The Azuma-Hoeffding Inequality says that if $X_1,X_2, \ldots$ is a martingale and the differences are bounded by constants, $\|X_i - X_{i-1}\| \le 1$ say, then we should not expect the difference $\|X_N - X_0\|$ to grow *too fast*. Formally we have

$$P\left(|X_N -X_0| > \epsilon N\right) \le \exp\Big ( \frac{- \epsilon^2 N}{2 }\Big) \mbox{ for any }\epsilon > 0.$$

Note the inequality has nothing to do with how *spread out* the variables $X_i$ are. It only uses how the differences are bounded. In case all $X_i$ have small variance we'd expect stronger concentration results.

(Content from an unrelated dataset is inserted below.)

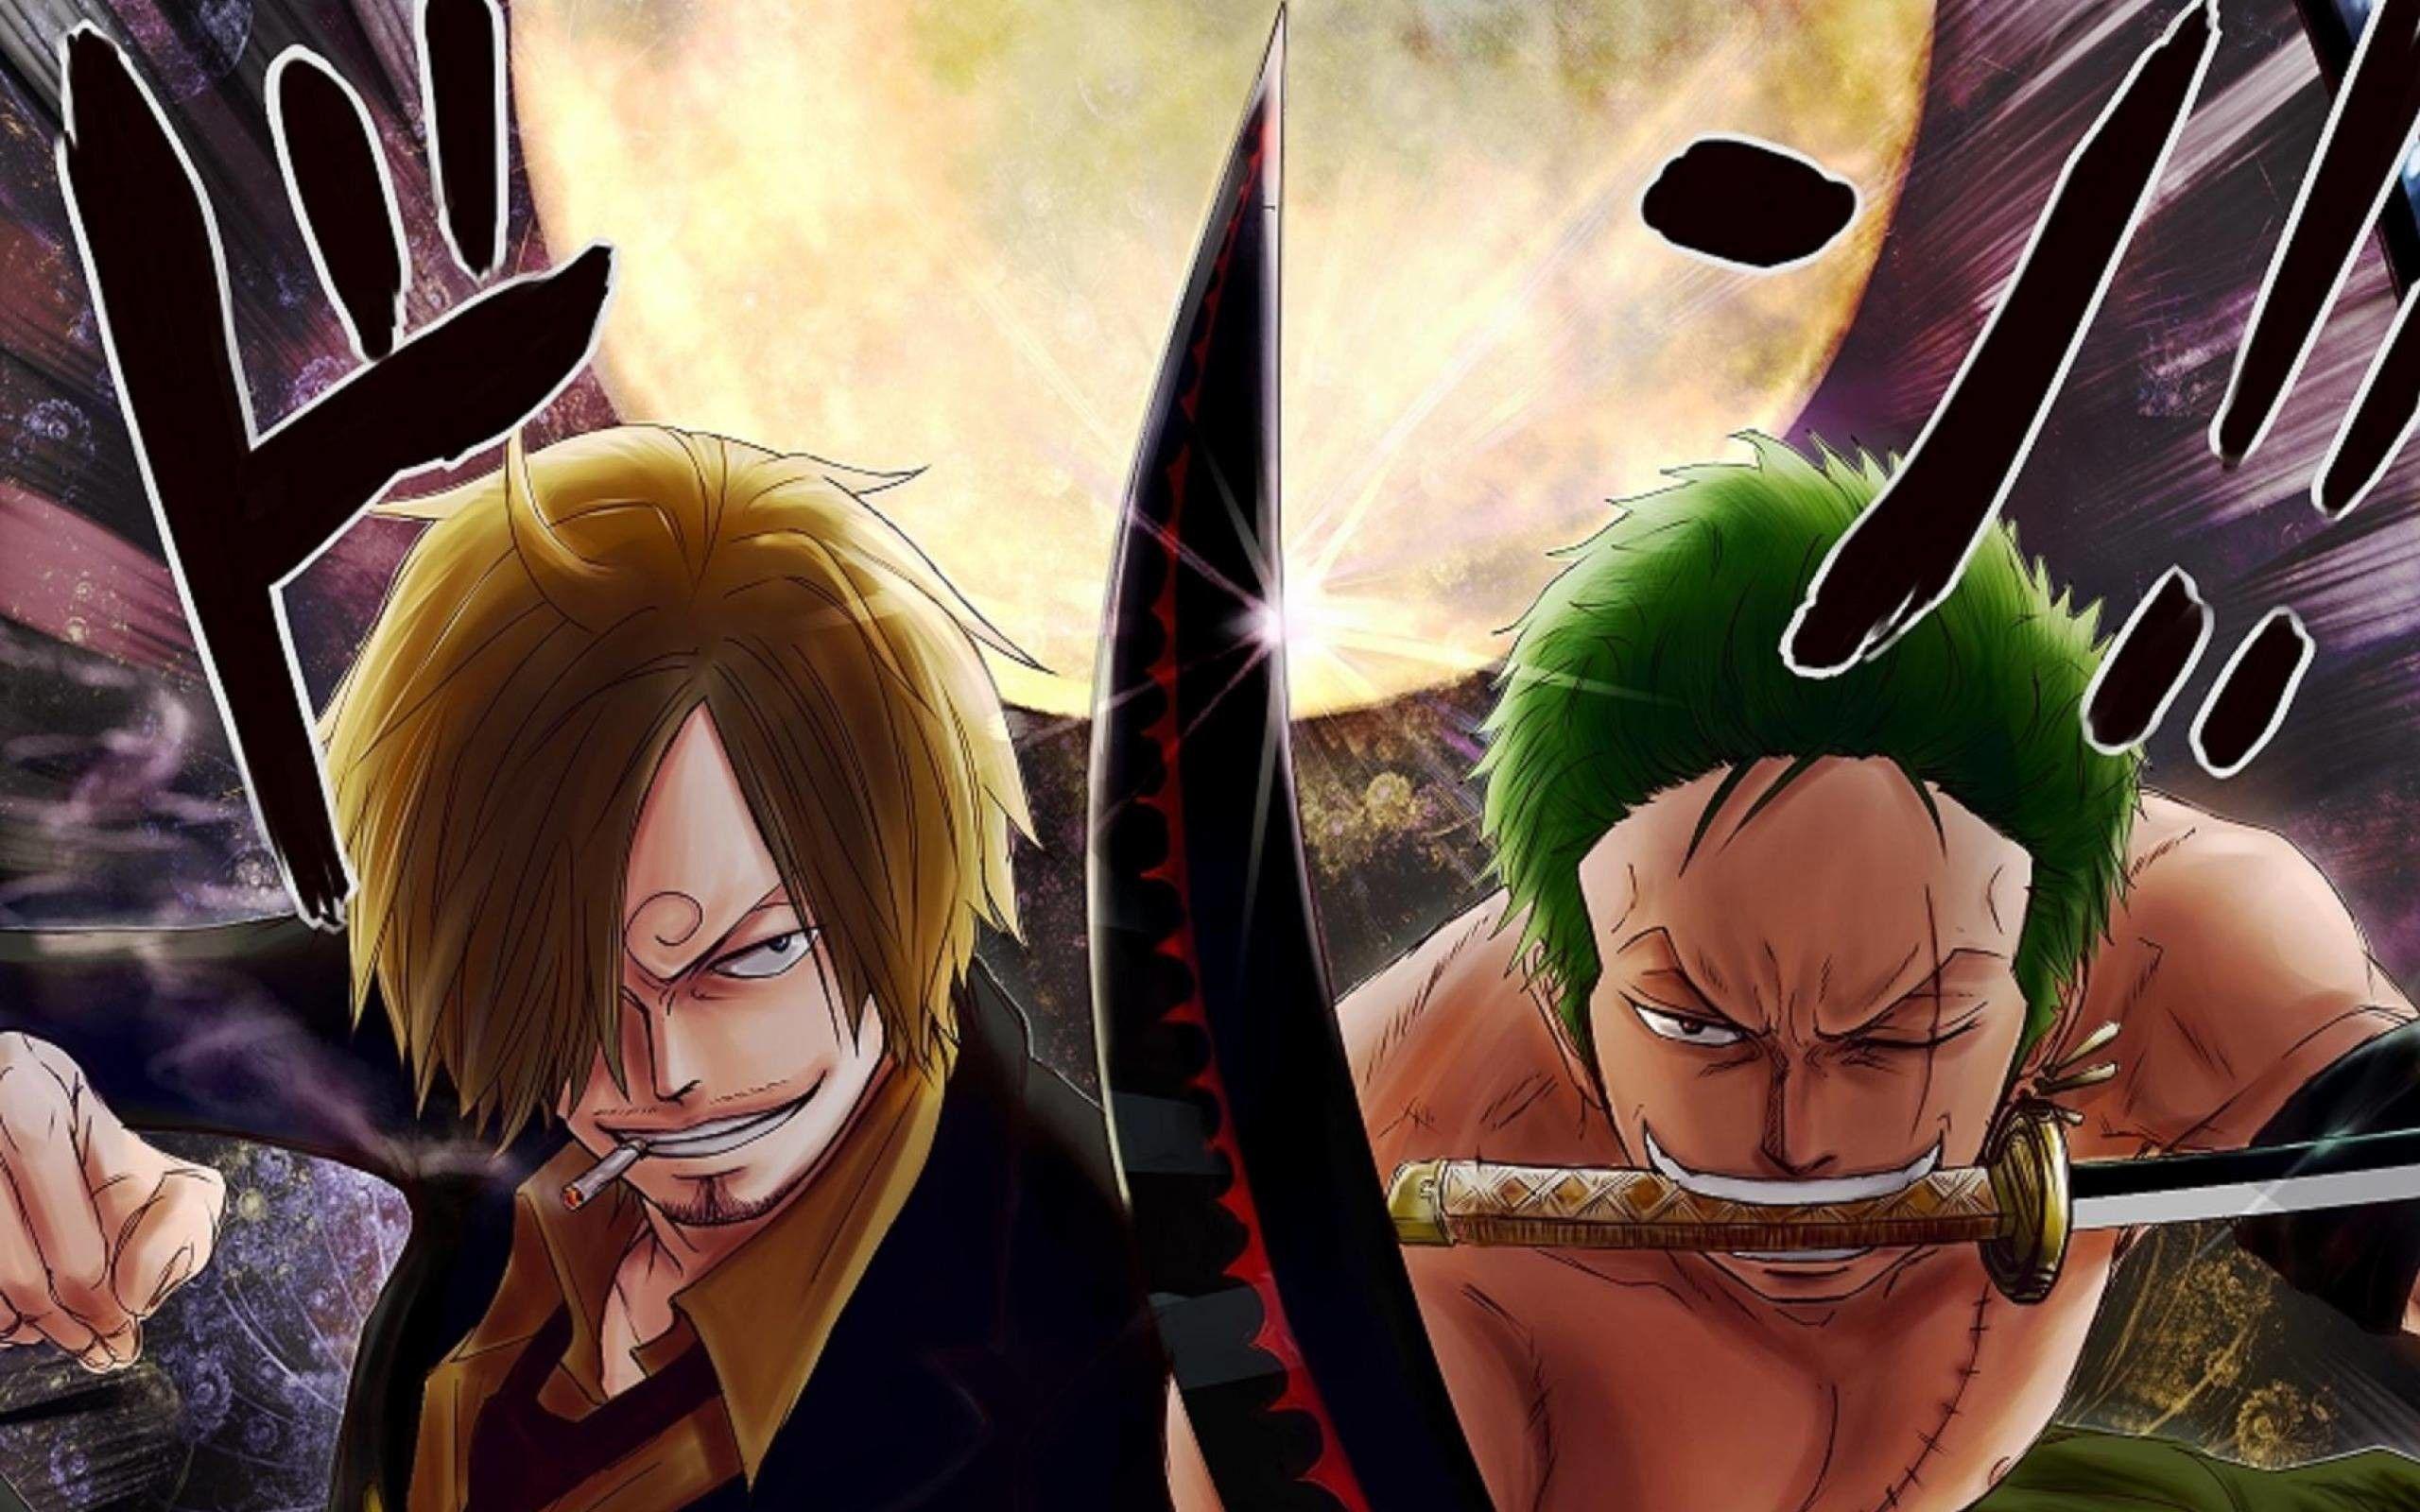 Drstoneart on X Luffy amp Zoro wallpaper  Designed By Me    Drstoneart1   ONEPIECE1071SPOILERS ONEPIECE luffy Zoro  ونبيس1071 httpstco7qVgWBGnD8  X

For example suppose the $A_1 , A_2, \ldots$ are drawn independently from $\mathcal N(0,\sigma^2)$ distributions cut off outside $[-1,1]$ and each $X_i = A_1 + \ldots + A_i$. The above inequality does not distinguish between the cases when $\sigma^2$ is large and small. When it is smaller we should expect a stronger concentration around the mean. In the degenerate case when $\sigma^2=0$ and all $A_i \equiv 0$ the left-hand-side will be exactly zero.

Are there any modifications of Azuma-Hoeffding that take into account the variances of the conditined variiables $ X_{i+1} | X_i, \ldots, X_1$ ? So far I have only found this paper in information theory. The theorem 2 is a version of AH that involves the variance. However that paper is quite recent, and it seems likely the problem has been considered by probabilists in the past.

Can anyone point me in the right direction?